Friday, 29 January 2021

Oh Dear!

Well...NOTHING I had planned has actually worked out this week. linked with that is that yet again nothing feels normal right now. I seem to have made the wrong choices all the way through. The trip that I missed at the beginning of the week is still waiting and I will try again to get all my ducks in a row very soon...but not yet! The truth is that I feel lost just now...nothing feels normal or right..and I have yet to go for the injection I missed ! I am not deliberately avoiding anything...but the lethargy takes over in unexpected ways. The bottom line here is I think that I am just too old. .. nothing feels important enough to get me moving.

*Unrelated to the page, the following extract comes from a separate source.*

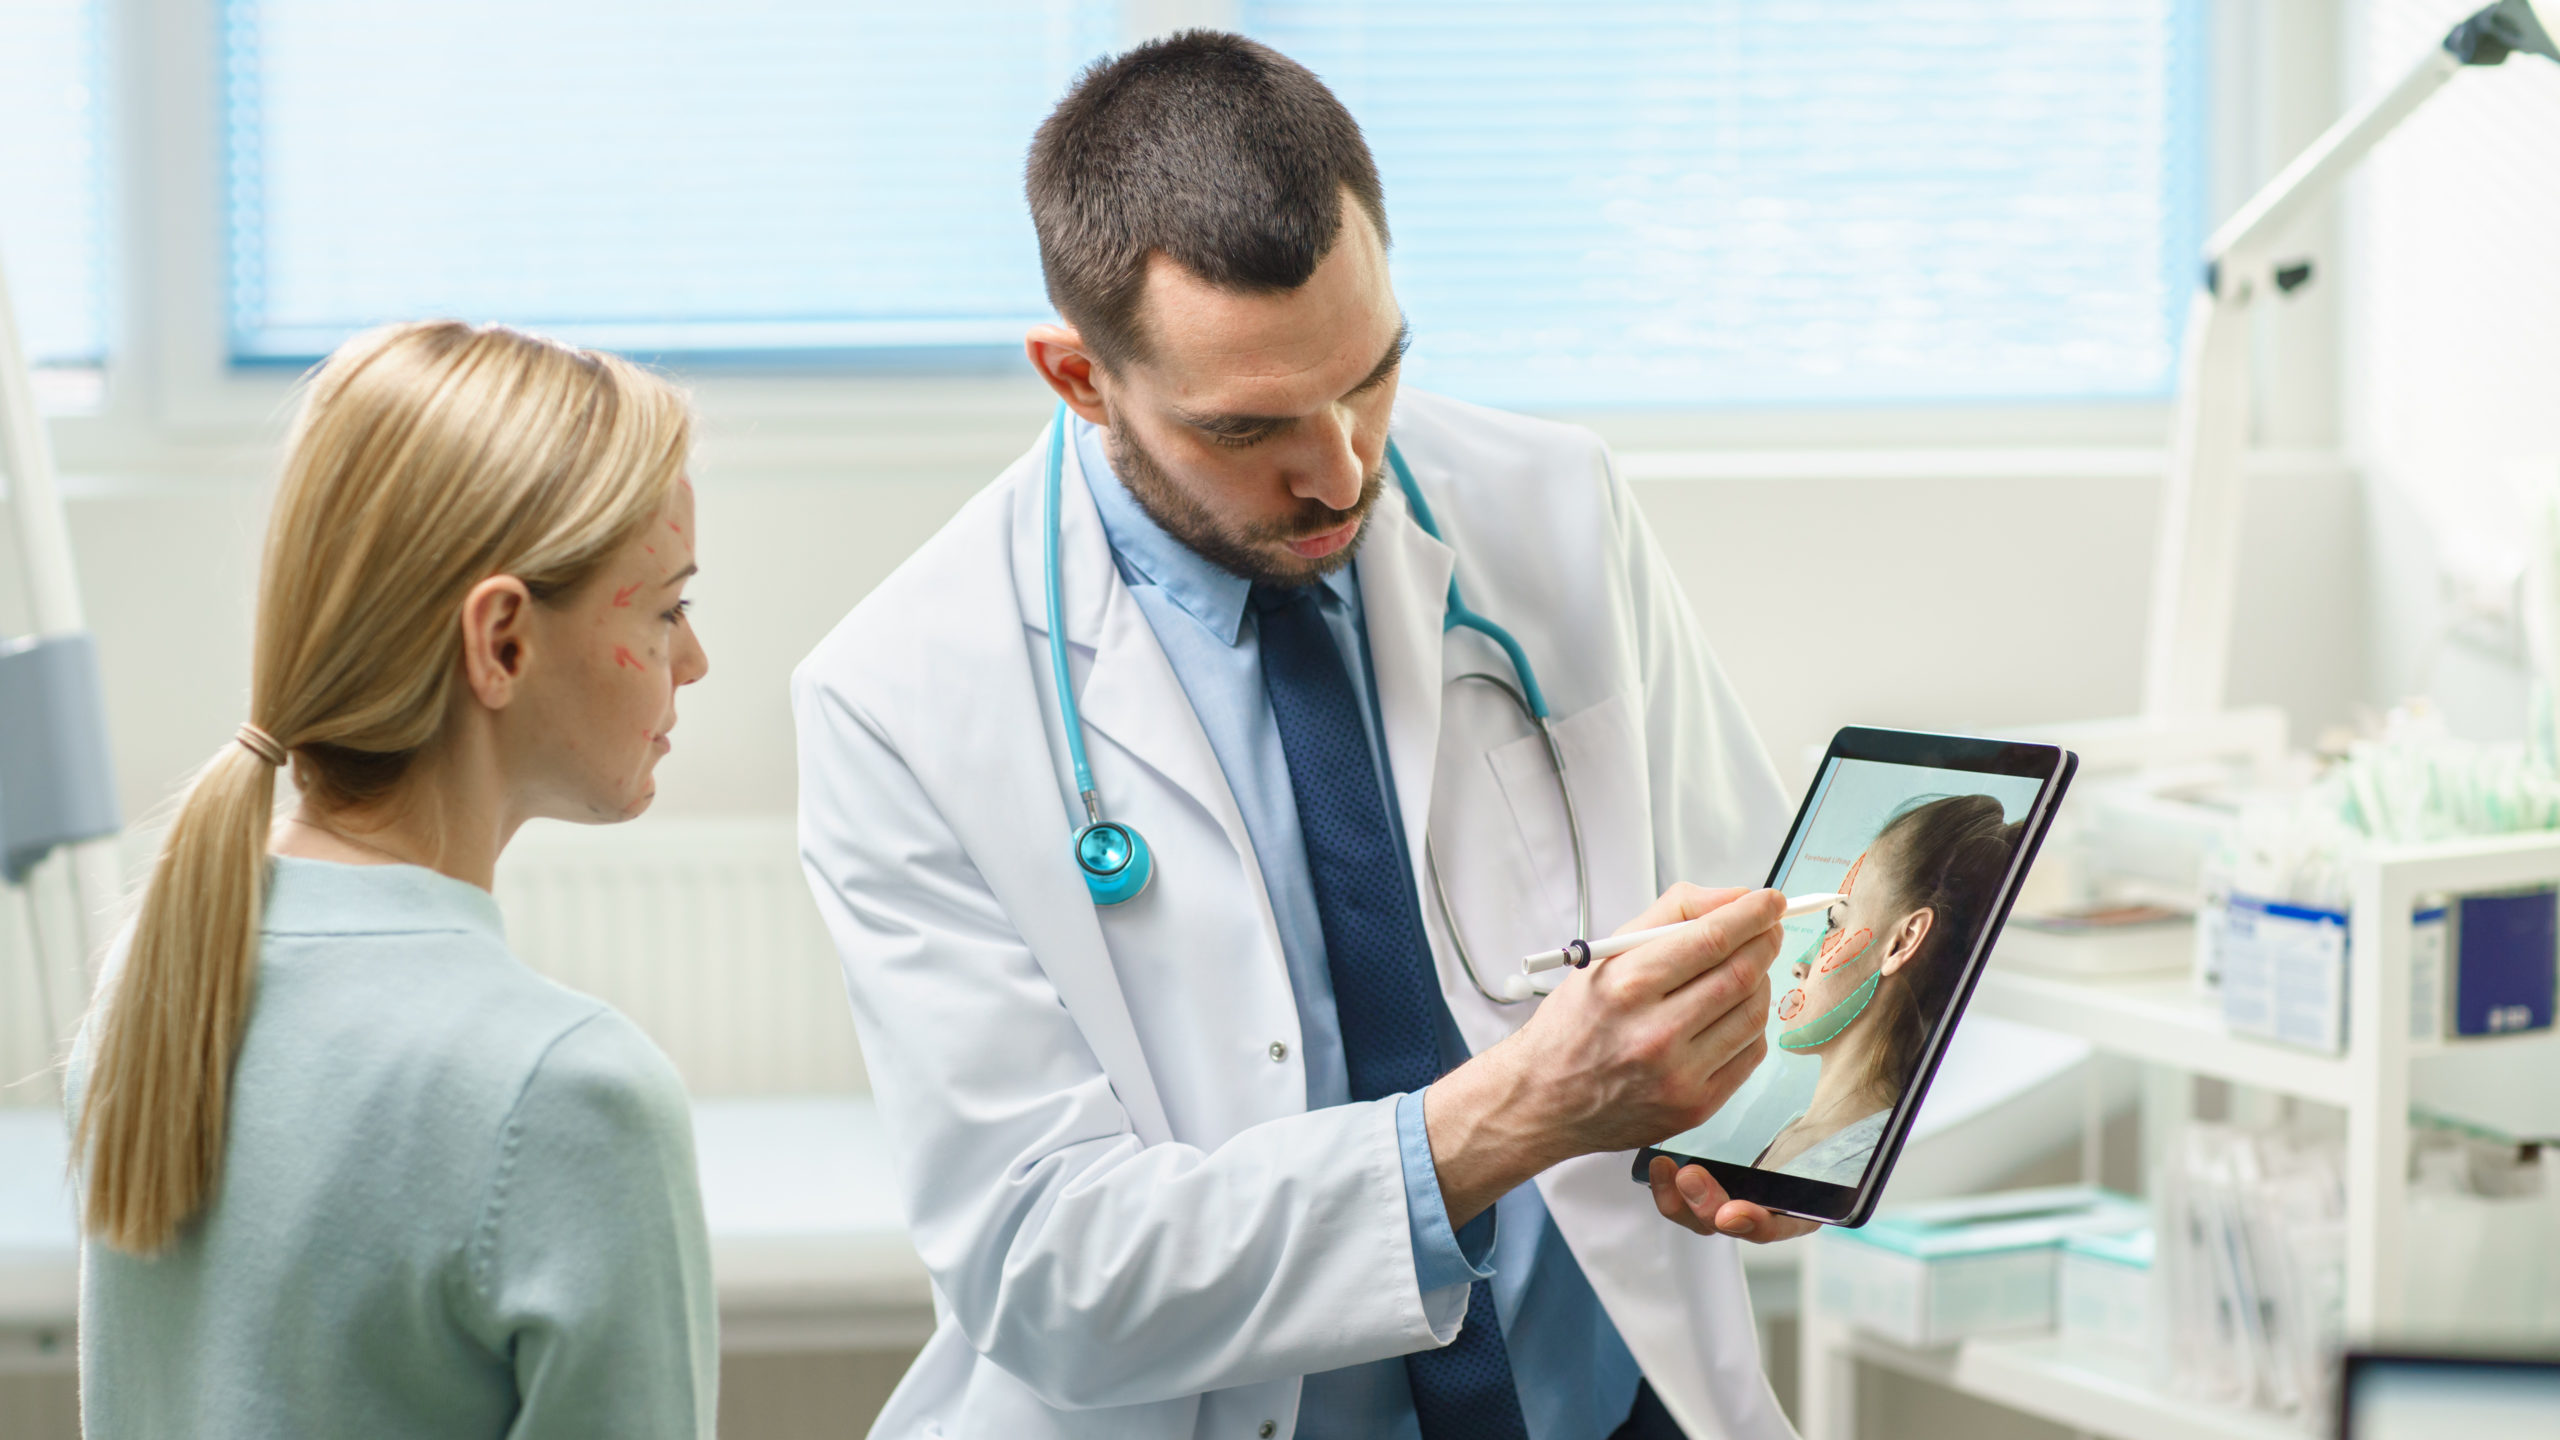 A plastic surgeon explains a procedure to a patient using a tablet. 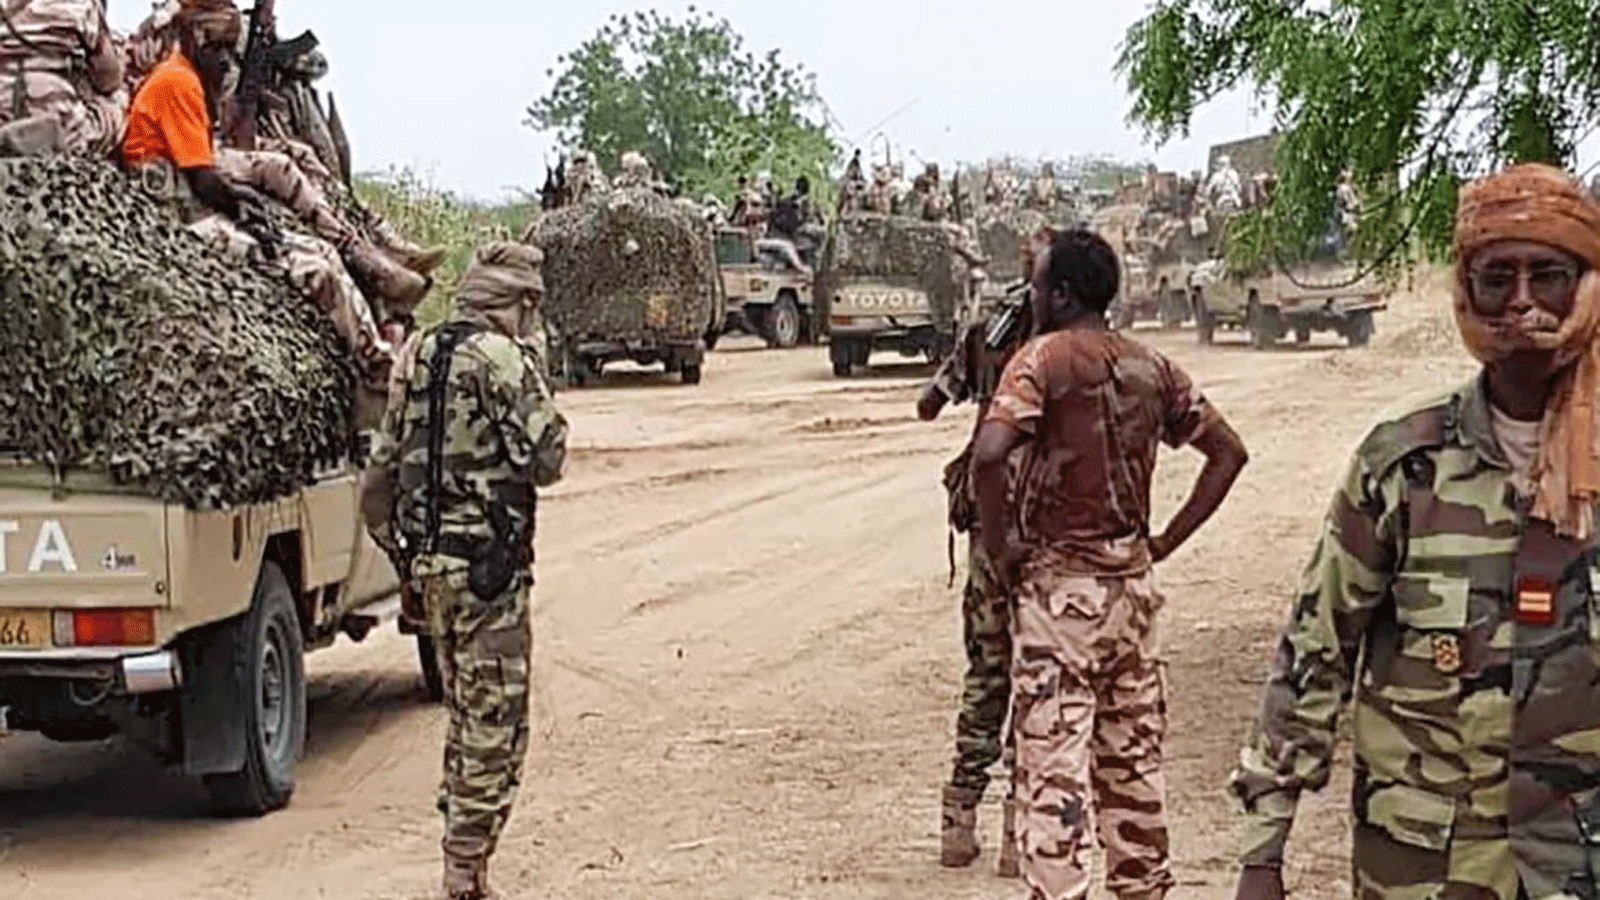 القوات النيجيرية والتشادية الملحقة بقوة المهام المشتركة متعددة الجنسيات تجري عمليات تطهير في منطقة بحيرة تشاد بولاية بورنو النيجيرية(فيسبوك)

If I die or catch the infection what does it actually matter? I have no loved ones left! There is literally no one who would miss me...much.And this state of affairs is beginning to colour my thinking now. I havnt tried to start my car all week...and I do usually run it to be sure of it starting when I need it. So.....this is not me at all. And the weather isnt helping! Its cold wet and blowing out there. A day for staying under the duvet in fact but even that feels wrong too! So sorry ...not my usual self at all this morning...but I will try....soon to get all my ducks in a row....What ever that means! Please dont worry if you are reading this...Ill snap out of it when I get moving. Soon!

1 comment:

Martha's Sister said...

Good morning Jean
Hope those ducks are swimming merrily tomorrow and when I log in to read your blog you have some tale of the past to share, or a seed of wisdom to share.